A lot of people put in a lot of hard work so that you can have the cute thought that there is no more reason to write assembly. Many of them wrote your compilers, some of them wrote some of the logic I mentioned above. Quite sure that none of them appreciate being called "pretty much stupid".

You haven't written any Assembly, because the guys and girls that implemented the compilers you use have done it for you.

Someone has to create those tools.

This article is specific to the 6502 where the commonly used CC65 C compiler the author references produces much, much worse code speed wise than what you can with pure assembly. In that regard, the article is not simplistic in the least. Coincidentally, I messaged the author just yesterday about the for loop example to point out that it was generated without optimization. Even with optimization enabled, the code is still about 3 times slower than hand written assembly. I know this may not be typical for other architectures like AVR but it certainly is for 6502.
I used to do my production code exclusively in 6502 assembler, with some tools in P-system Pascal.
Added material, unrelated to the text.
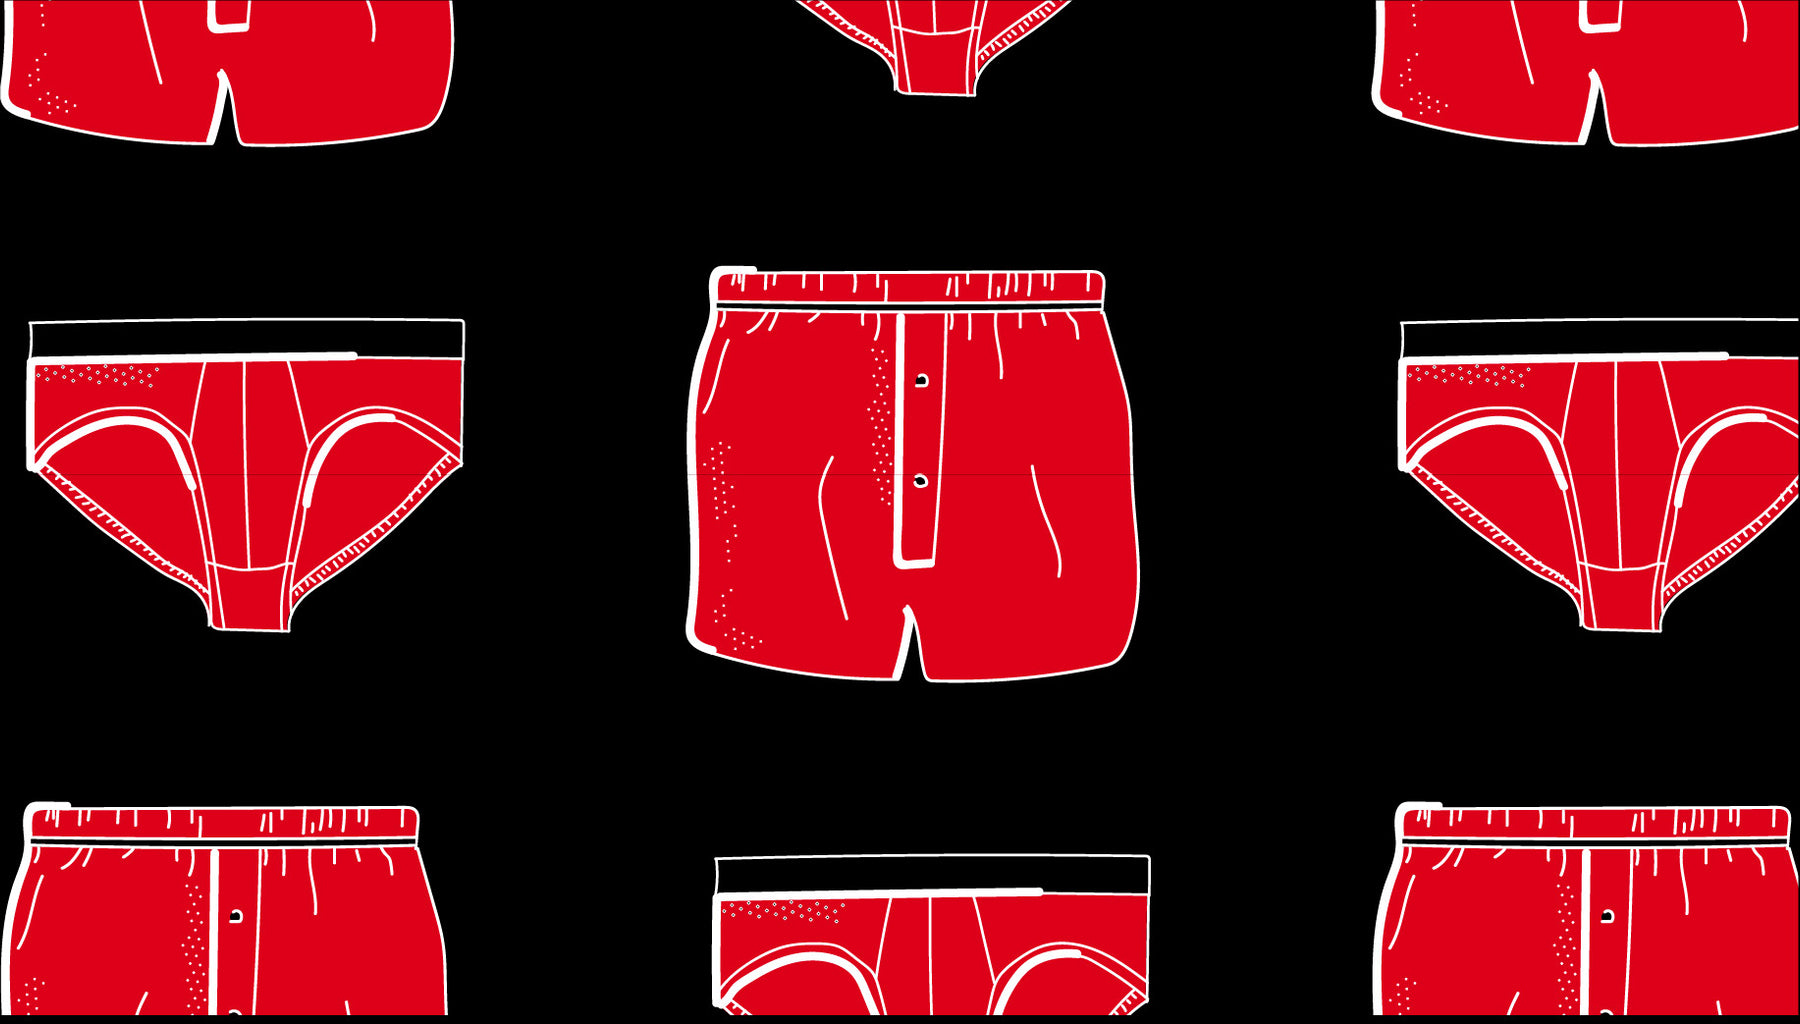 Boxers or Briefs: Which Should You Choose?

As I would read in magazines about the C language I would try to imagine what the C compiler would generate for certain constructs, and I couldn't imagine it being efficient compared to other 8-bit processors. Then we decided to experiment (at the company) with C and got a compiler. I was right, the code was awful. It used exactly the idioms I thought I would use if I had to to it. I can picture a really top-notch compiler doing better (because I'm more familiar with optimization in compilers now), but sooner or later some of the quirks (like 8-bit index registers and only page 0 can be used for pointers) will catch you.
In my experience, you can easily beat a compiler for size, which may or may not correspond to speed.